- Born: 1978 (age 46–47) London, England
- Education: Queen's College, London
- Alma mater: University College London
- Occupation(s): Novelist, playwright and critic
- Notable work: Rude Girls
- Website: www.vanessawalters.net

= Vanessa Walters =

English novelist and playwright (born 1978)

Vanessa Walters (born 1978, in London, United Kingdom) is an English novelist and playwright. She is also a commentator and critic. She is best known as the teenage novelist discovered to be writing a novel as a hobby to share with her school friends while she was being educated at Queen's College, London. When discovered by teachers, the text was passed over to a literary agent, who quickly had Walters signed to a publishing company with a five-figure book deal even before she had left school.

The book, Rude Girls, made her a success, but instead of diving headlong into the literary world she continued her studies, progressing to studying law at University College London. About Rude Girls, she said: "It was a book I really wanted to read, which didn't exist."

Rude Girls was acclaimed as an accurate portrayal of life in the North London Black community—it was a huge success straight across the board. While studying law, Walters found time to spend a year in Paris, France, and continue her writing. Her book The Best Things in Life was published in 1998 and explored the lives of young Black women struggling to balance friendship, work and relationships.

Her 2008 book Smoke Othello! is a collection of poems, short stories and plays about black experience in West London, born out of her time as the Writer in Residence for the Royal Borough of Kensington and Chelsea. Walters also performs her poetry, and she has written plays, with her works including Too Hot to Handle, Cold World, Caribbean Kitchen, Double Take, Changes and Michael X, produced by various English theater companies. Her commentary has also appeared on the guardian.co.uk website.
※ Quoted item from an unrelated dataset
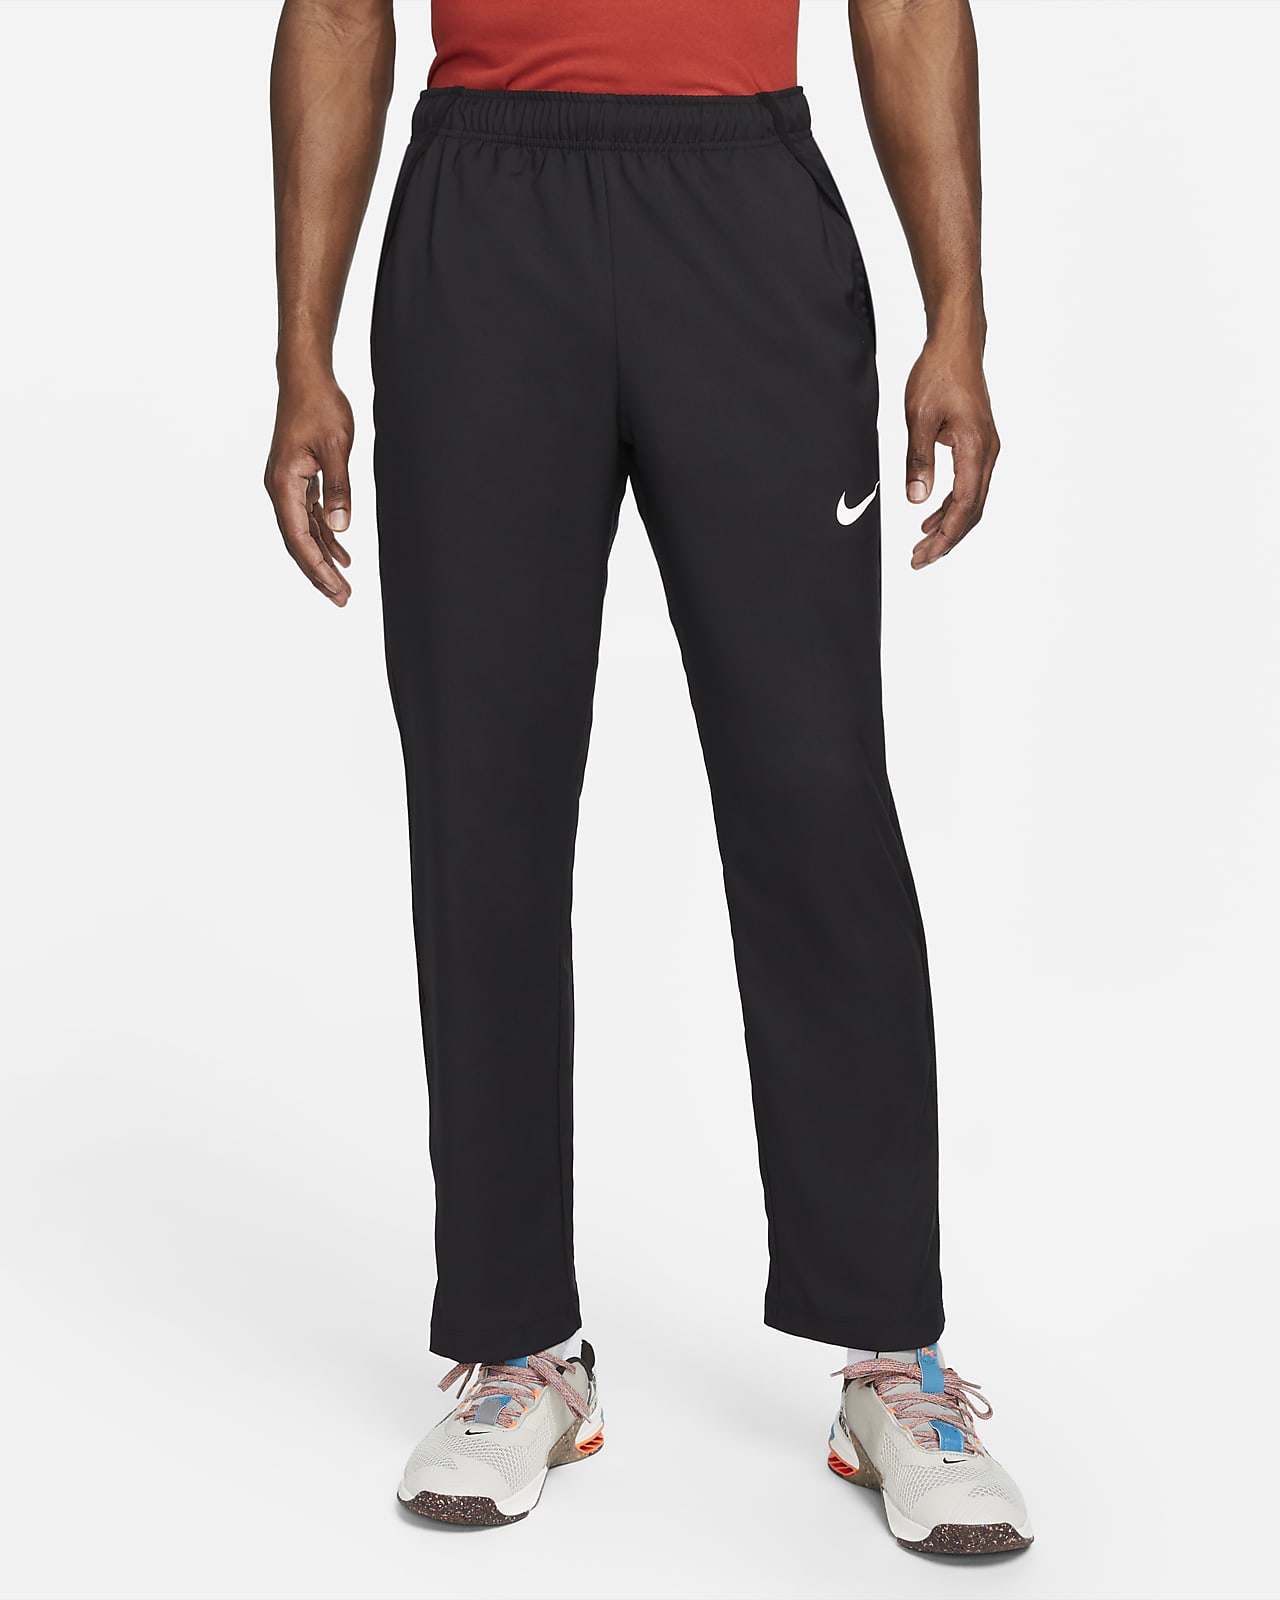 Nike Dri-FIT Pantalón Team de tejido Woven de entrenamiento - Hombre. ES

Her reviews have been broadcast on BBC Radio 4's Front Row, as well as Sky News, BBC Four (Television), The World, More4 (The Cinema Show) and Colourful Radio.
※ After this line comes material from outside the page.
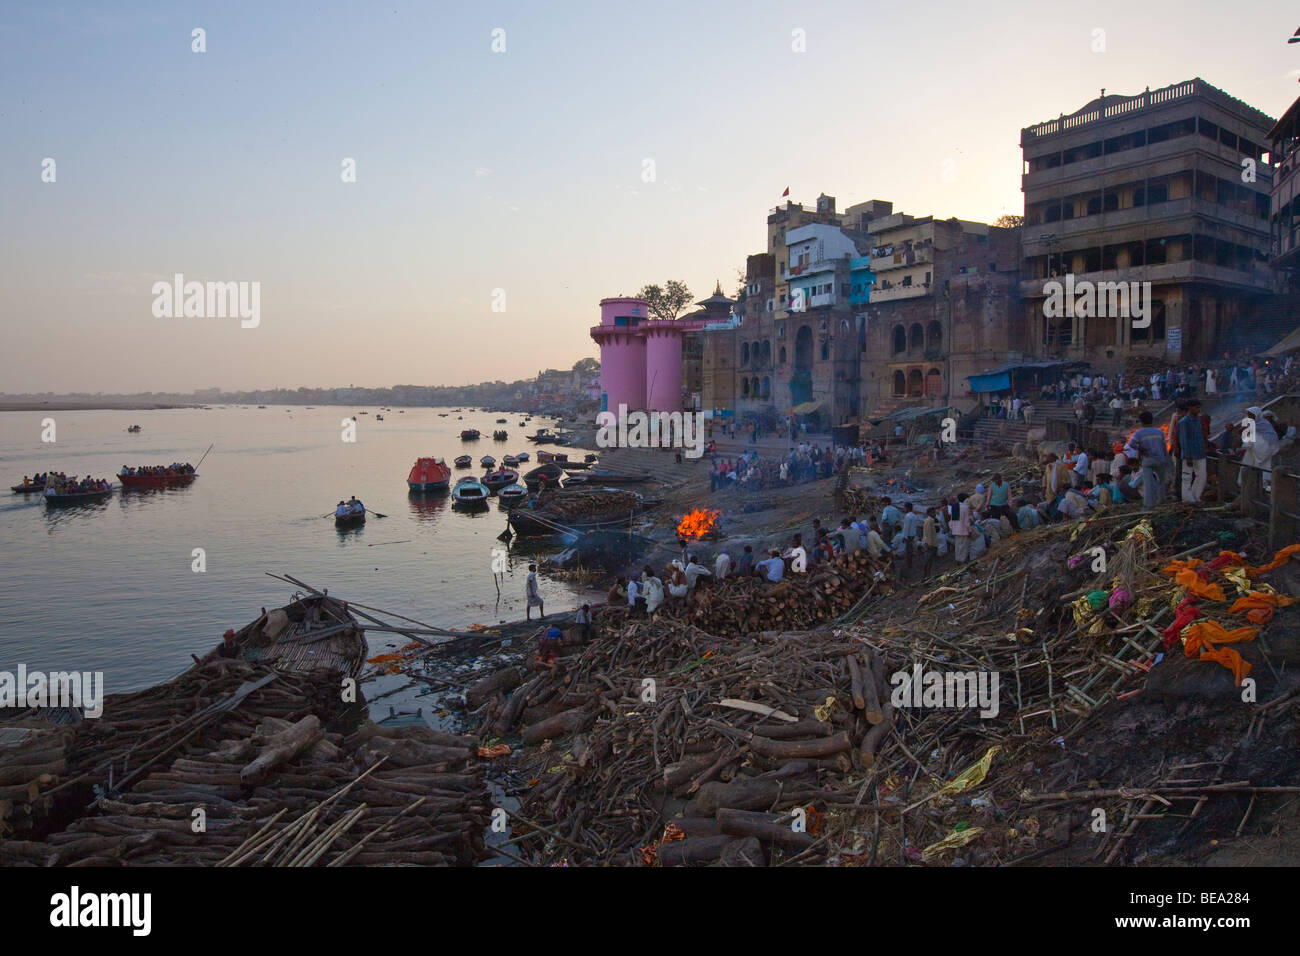 Burning Ghat in Varanasi India Stock Photo

Her articles have been published in The Guardian, New Statesman, The Voice and other outlets, including Pride Magazine, for which she writes a monthly column on topical issues for black women.
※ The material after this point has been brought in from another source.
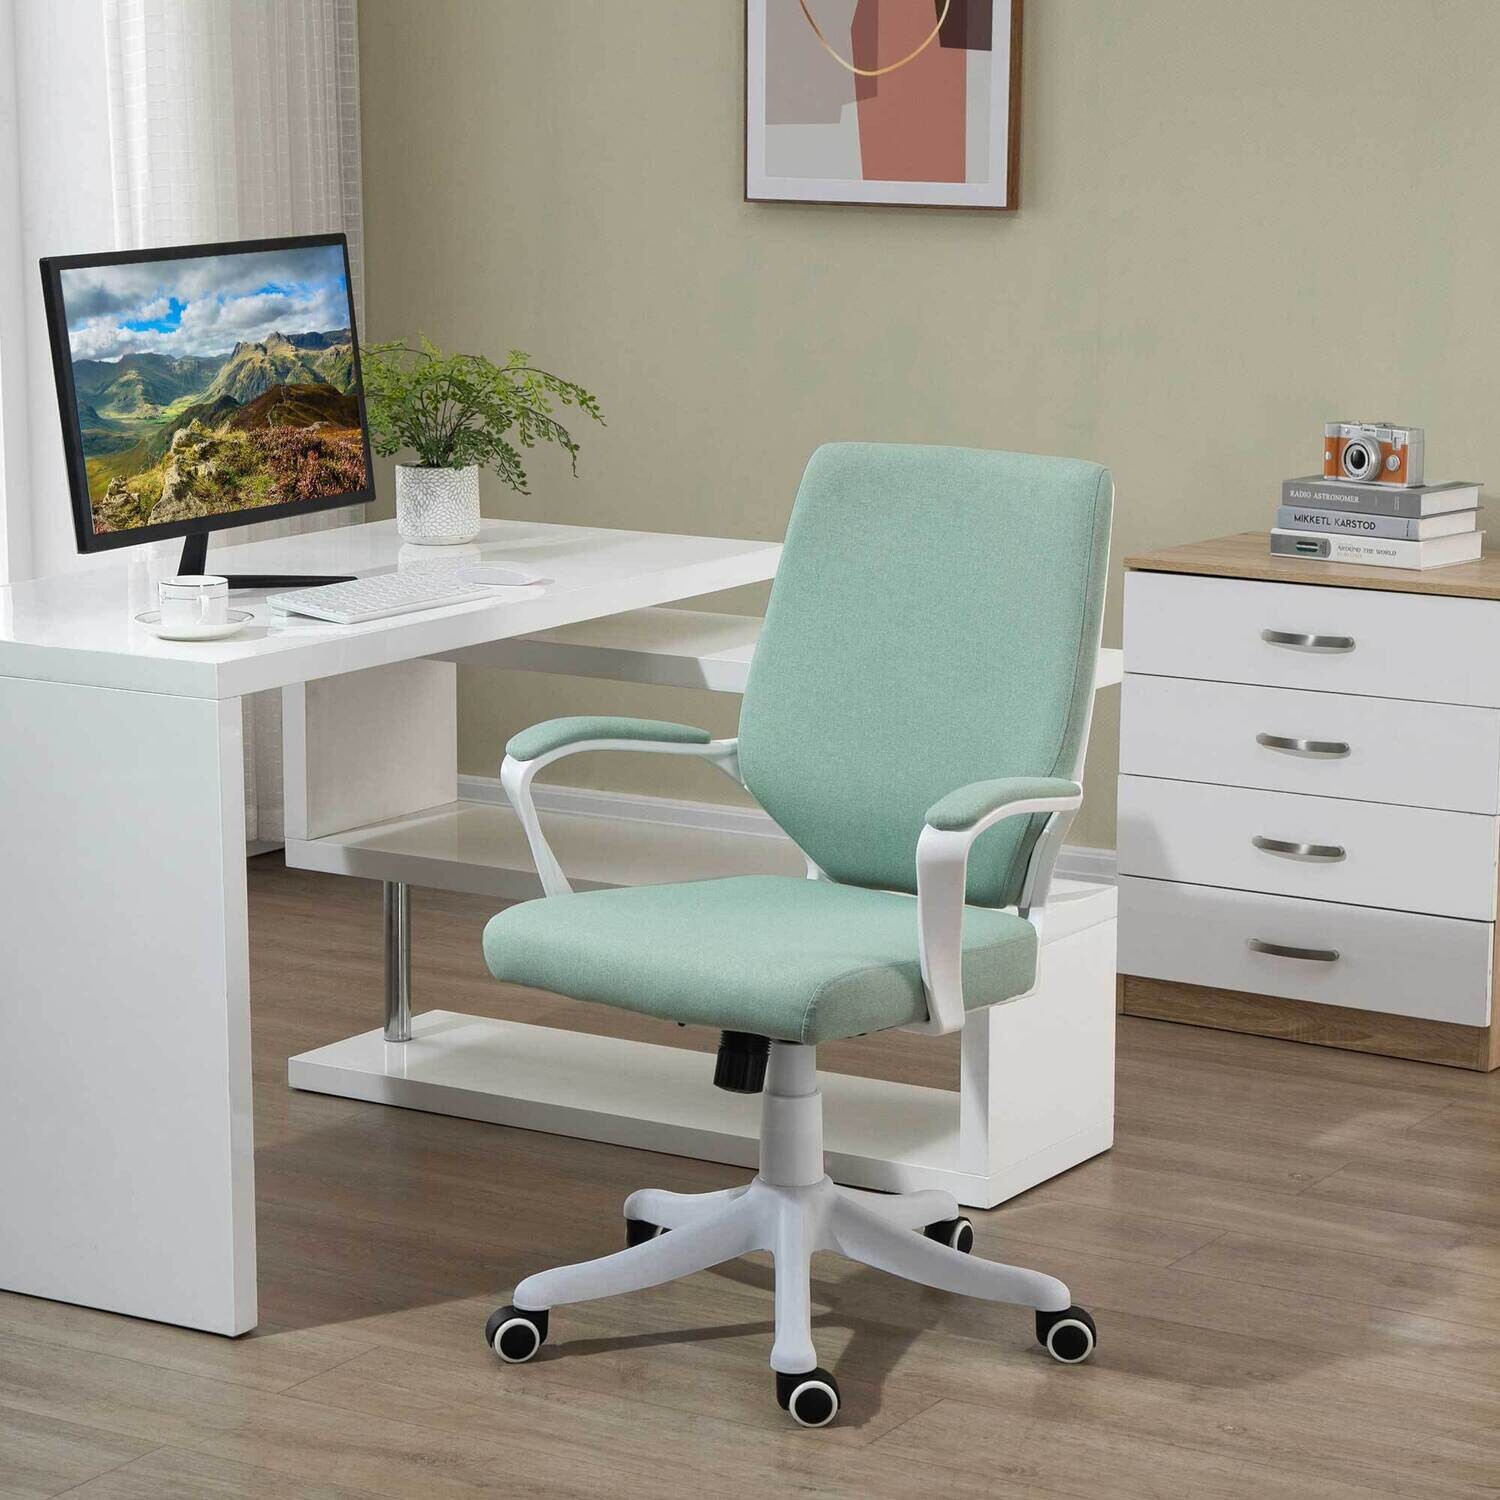 Vinsetto Bürostuhl ergonomischer Drehstuhl höhenverstellbar Grün+Weiss

On 2 May 2023, her debut novel, The Nigerwife was published by Atria Books (A Simon and Schuster imprint). The book centers on a young woman who goes missing in Lagos, Nigeria, and her estranged auntie who will stop at nothing to find the truth. The Nigerwife was selected as the Good Morning Americas May Book Club Pick. Amy Aniobi is developing an adaptation for the novel which has been optioned for a limited series by HBO.